Use -h for full options list.

An example run with Ruegeria as the genus:

ribdif -g Ruegeria

You can also run with a species as well:

ribdig -g "Mycoplasma bovis"

Running with custom primers

ribdif -g <some genus name> -p /path/to/my_primer_file.txt

Primer file format

v3v4	CCTACGGGNGGCNGCAG	GACTACNNGGGTATCTAATCC	550
v1v9	AGRGTTYGATYMTGGCTCAG 	RGYTACCTTGTTACGACTT	1800

With the columns being: primer name | forward sequence | reverse sequence | expected amplicon size

Running on custom genomes

The user may also provide their own database of genomes in fasta format within a single direcotry.

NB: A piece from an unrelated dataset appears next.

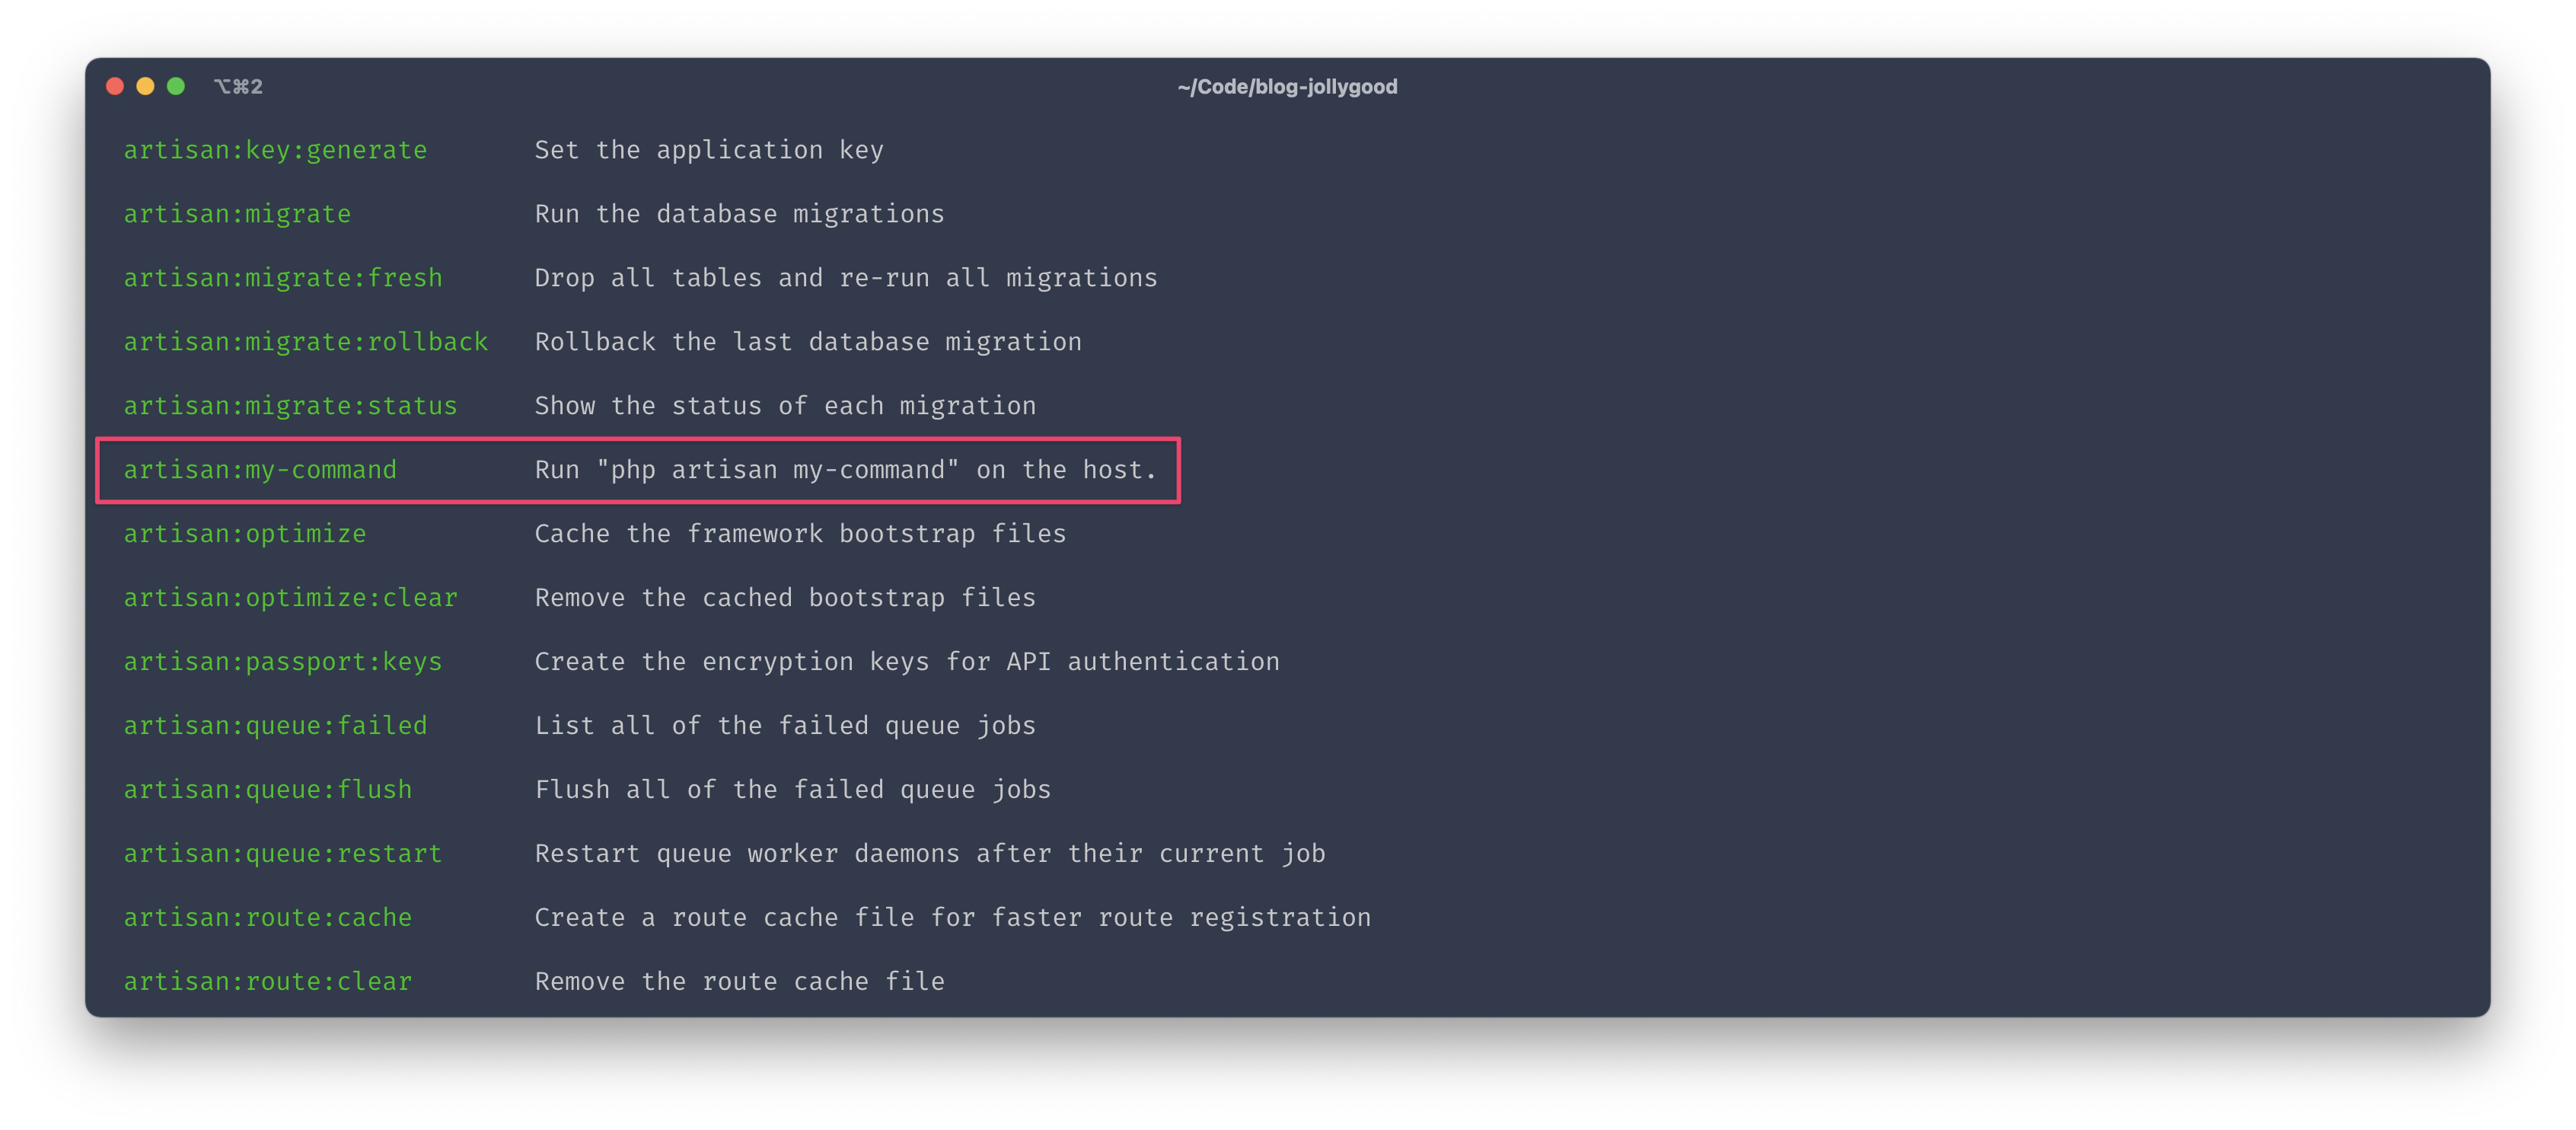 Screenshot of the terminal output of &quot;dep&quot; showing the list of all available tasks including &quot;artisan:my-command&quot;.

ribdif -u my/directory/path

Be warned that this mode of analysis disregards taxonomic inference and the user is responsible for the veracity of the provided database with regards to genome completeness and contamination.

Example Output

RibDif2 generates a new directory within the specified output directory ("/results" by default) nameed after the genus in question.

<genus>
    ├── amplicons
        ├── <genus>-<primer name>-meta.tsv          # information about each leaf tip in the amplicon tree
        ├── <genus>-<primer name>.aln               # aligned amplicons from a given primer
        ├── <genus>-<primer name>.amplicons         # the amplicons generated by a given primer
        ├── <genus>-<primer name>.summary           # a summary of each amplicon generated (ID, originating sequence, position and length)
        ├── <genus>-<primer name>.tree              # tree of alligned amplicons for a given primer
        ├── <genus>-<primer name>.uc                # cluster file of amlicons for a given primer
        ├── <genus>-<primer name>_confusion.csv     # matrix of which genomes we can tell apart with these primers (a heatmap is made of this)
    │   └── <primer name>-clusters                  # directory of clusters generated from the amplicons of a givem primer
    ├── figures
    │   ├── <genus>-<primer name>_graphs.pdf    # visual network of which genomes and thereby species can be differentiated
    │   └── <genus>-<primer name>_heatmaps.pdf  # page 1 heatmap shows which genomes belong to which allele clusters and page 2 is the confusion matrix
    ├── full
    │   ├── <genus>.16S
    │   ├── <genus>.16sAln
    │   └── <genus>.16sTree
    ├── refseq
    │   └── bacteria
    │       ├── GCF_xxxxxxxxx.x
    │       │   ├── GCF_xxxxxxxxx.x_ASMxxxxv1_genomic.fna               # the original genome file, headers are renamed for downstream compatibility
    │       │   ├── GCF_xxxxxxxxx.x_ASMxxxxv1_genomic.fna.fai           # indexed fna file
    │       │   ├── GCF_xxxxxxxxx.x_ASMxxxxv1_genomic.fna.gz            # the gzipped original genome file
    │       │   ├── GCF_xxxxxxxxx.x_ASMxxxxv1_genomic.fna.rRNA          # rRNA file generated by barrnap
    │       │   ├── GCF_xxxxxxxxx.x_ASMxxxxv1_genomic.fna.rRNA.16S      # 16S genes taked from the .rRNA file
    │       │   ├── GCF_xxxxxxxxx.x_ASMxxxxv1_genomic.fna.rRNA.16sAln   # alligned .16S file (by mafft)
    │       │   ├── indiv_16S_dir                                       # folder for individual 16S filed if --ani is enabled
    │       │   ├──  ani                                                # files generated from pyani if --ani is enable
    │       │   └── MD5SUMS
    │       │   .
    │       │   .
    │       │   .
    │       └── GCF_xxxxxxxxx.x
    └── ribdif_logs

The most important files will be within the <genus> and then the figures/ subdirectory.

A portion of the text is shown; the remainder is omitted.